そこでオススメしたいのが1日の食事のうち1食に限って酵素ドリンクやスムージーなどの置き換え食品にするダイエット方法なのです。置き換えダイエットのコツは、3食のうちいちばん多く食べてしまう食事を置き換え食品にすることとなります。

「炭水化物抜きダイエット」

1日3食すべてにおいてごはんやパン、麺類などの炭水化物を一切食べずにおかずだけ食べて腹8分目に留めるとぽっこりお腹のダイエットに効果があります。

炭水化物は太る原因となる脂質を含みませんが糖質をたくさん含んでいるものが多く糖質は脂肪に変わりやすいので太る原因となってしまうのです。ヒトのからだは炭水化物が足りなくなるとからだの中にたまった内臓脂肪を燃やしてエネルギー源として消費するので内臓脂肪がたまったぽっこりお腹のダイエットにはかなり効果があります。

運動ダイエット

ぽっこりお腹の原因となる内臓脂肪は燃えやすいので積極的に燃やせる運動に取り組むのはぽっこりお腹のダイエットでのコツと言ってよいのです。

内蔵脂肪を積極的に燃やせる運動はウォーキングやジョギングなどの有酸素運動です。有酸素運動はゆっくりからだの体温を上げることで脂肪を分解するリパーゼ酵素の働きを強くしてくれます。

 

お腹の内臓脂肪を効率よく燃やすためのコツは内臓脂肪を分解して燃やしやすい遊離脂肪酸の状態にすることなのです。有酸素運動ならお腹の内臓脂肪を分解してどんどん遊離脂肪酸の状態にしてくれるので燃やしやすくなります。
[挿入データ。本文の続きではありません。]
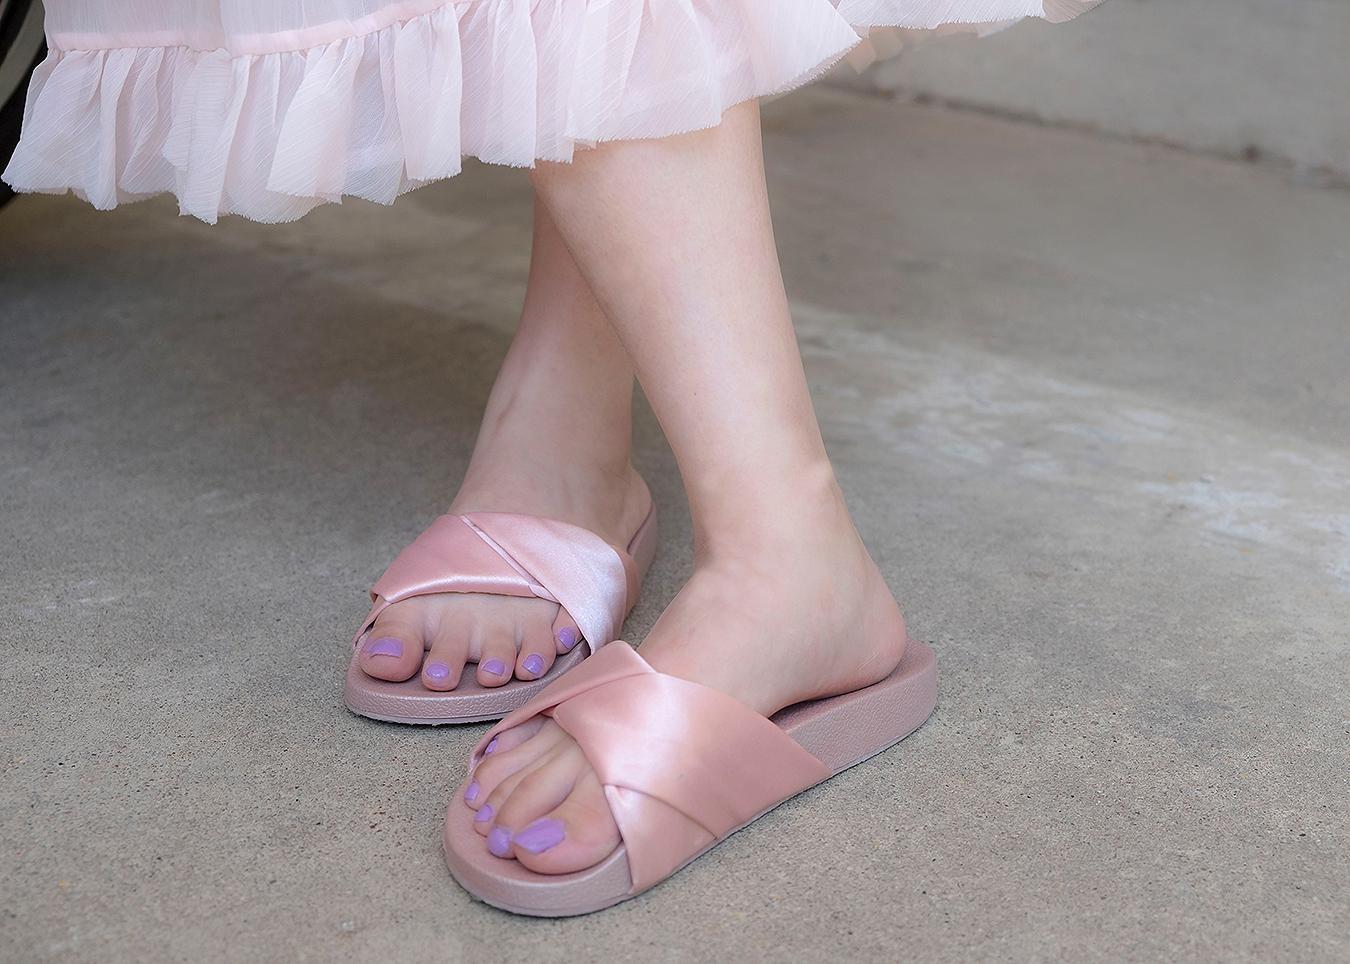 RONGRONG_LIU_STREET_fashion_photography_modern_toe_nail_polish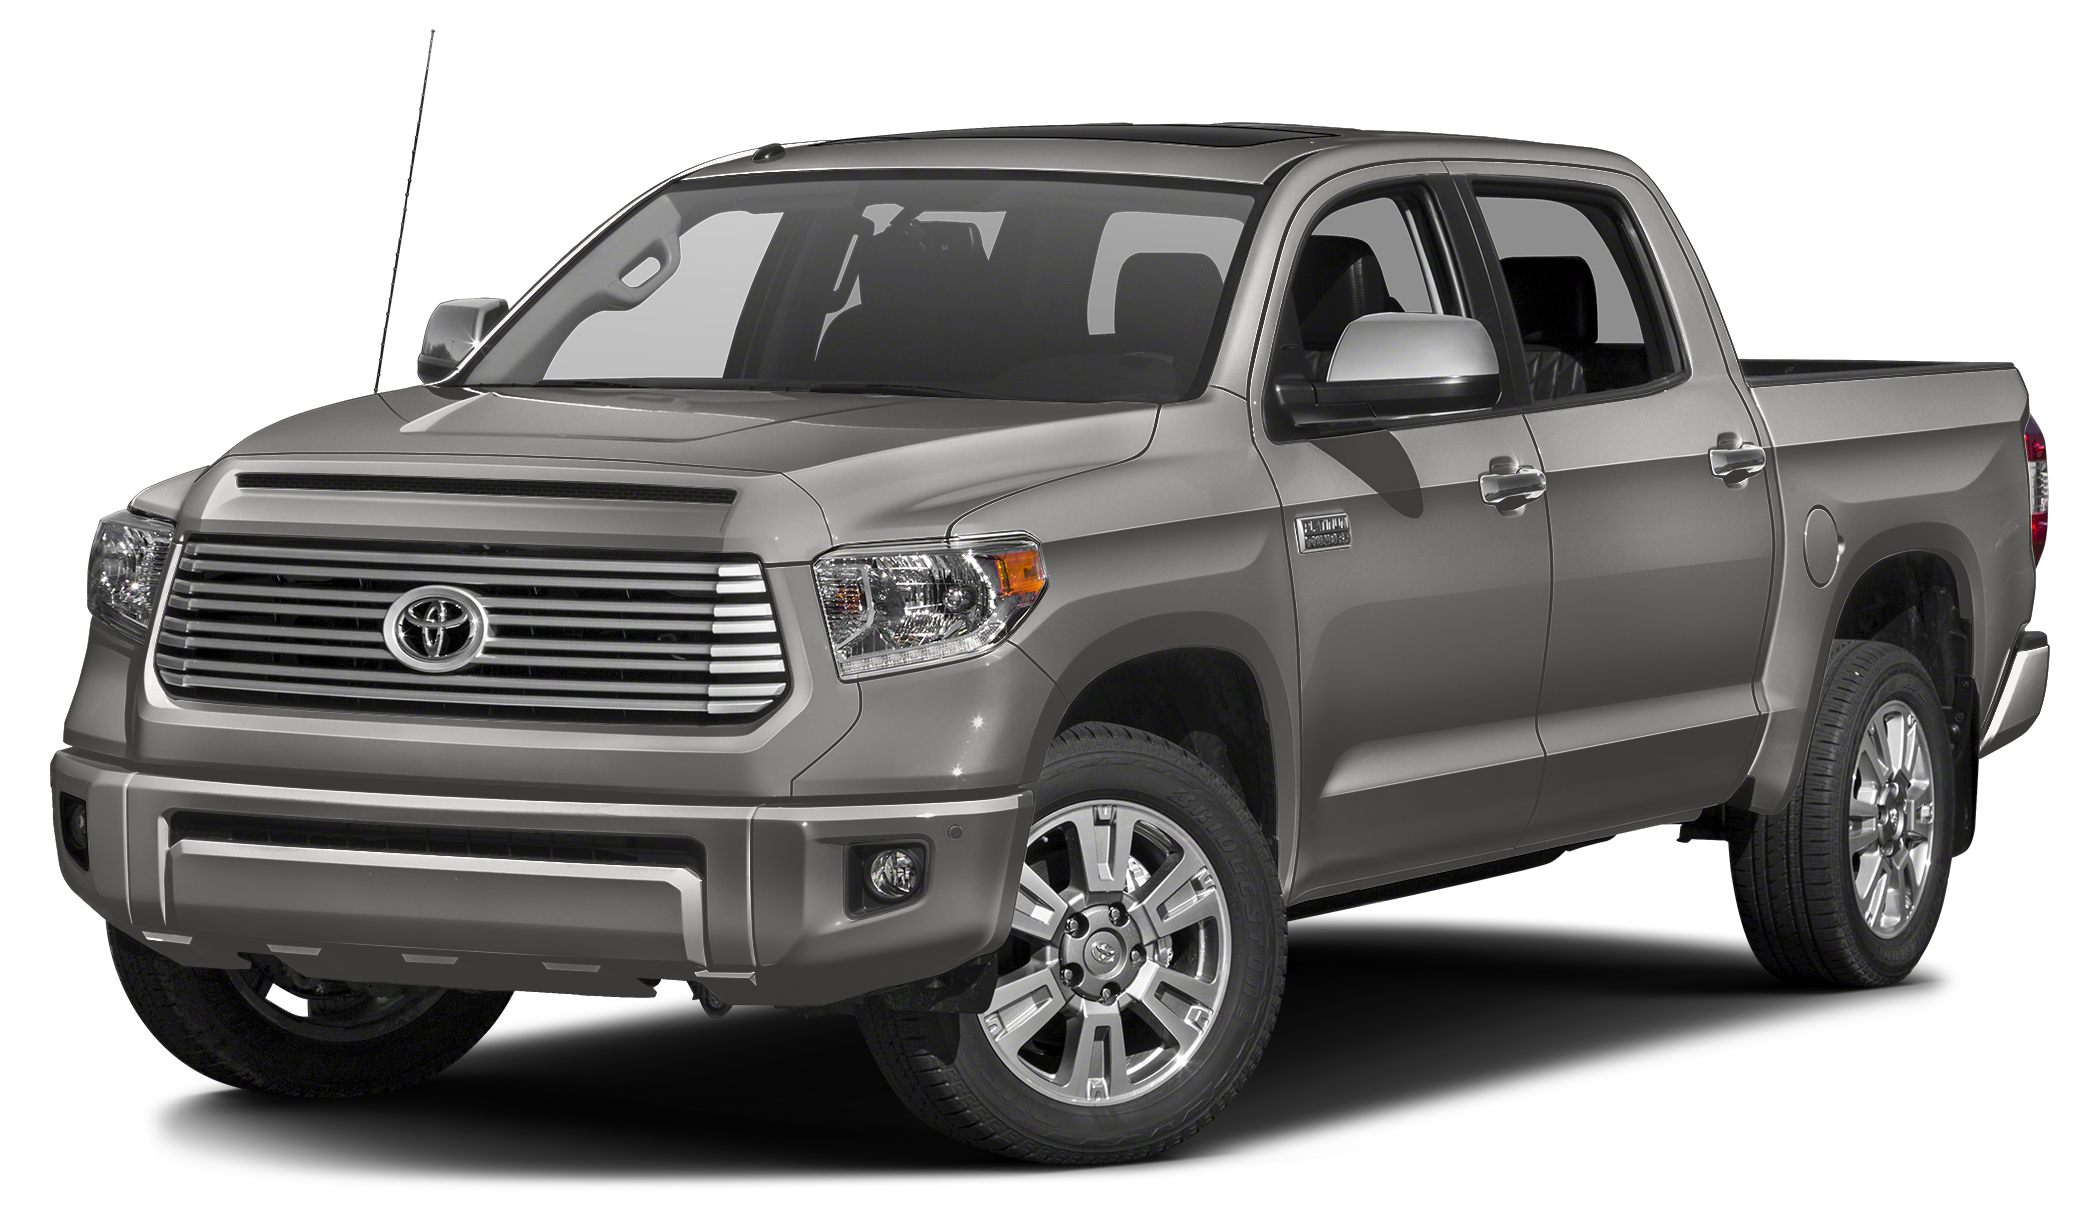 2016 Toyota Tundra Platinum Miles 0Color Silver Sky Metallic Stock 05487 VIN 5TFGW5F19GX2054

また、からだの中で脂肪を燃やすために必要な酸素も運動中にしっかり取り込めるので効果的です。

食べ過ぎが太る原因

ぽっこりしたお腹になる原因は多いのですが、20代でお腹ぽっこりして気になる人の多くは食べ過ぎやお酒の飲み過ぎといった摂取カロリー過多が原因と考えられます。

20代では比較的に新陳代謝が良いので食べ過ぎや飲み過ぎなどでそう簡単にお腹がぽっこりしてしまうことはないと言えます。が、食べ過ぎや飲み過ぎの生活が恒常的だと消費するエネルギー量よりも摂取カロリーの方が多くなる生活を続けていることになるのでカロリー消費が新陳代謝についていけずに脂肪となってからだにたまってお腹ぽっこりになってしまいます。

20代では外食する機会が多い、体力にまかせて毎日飲み歩く、ファーストフードが多くて食生活が乱れがち、遊びで運動することが少ないなどとなってしまう人は多いとおもいます。このように常にカロリー過多の乱れた生活だと内臓脂肪がたまりやすくなります。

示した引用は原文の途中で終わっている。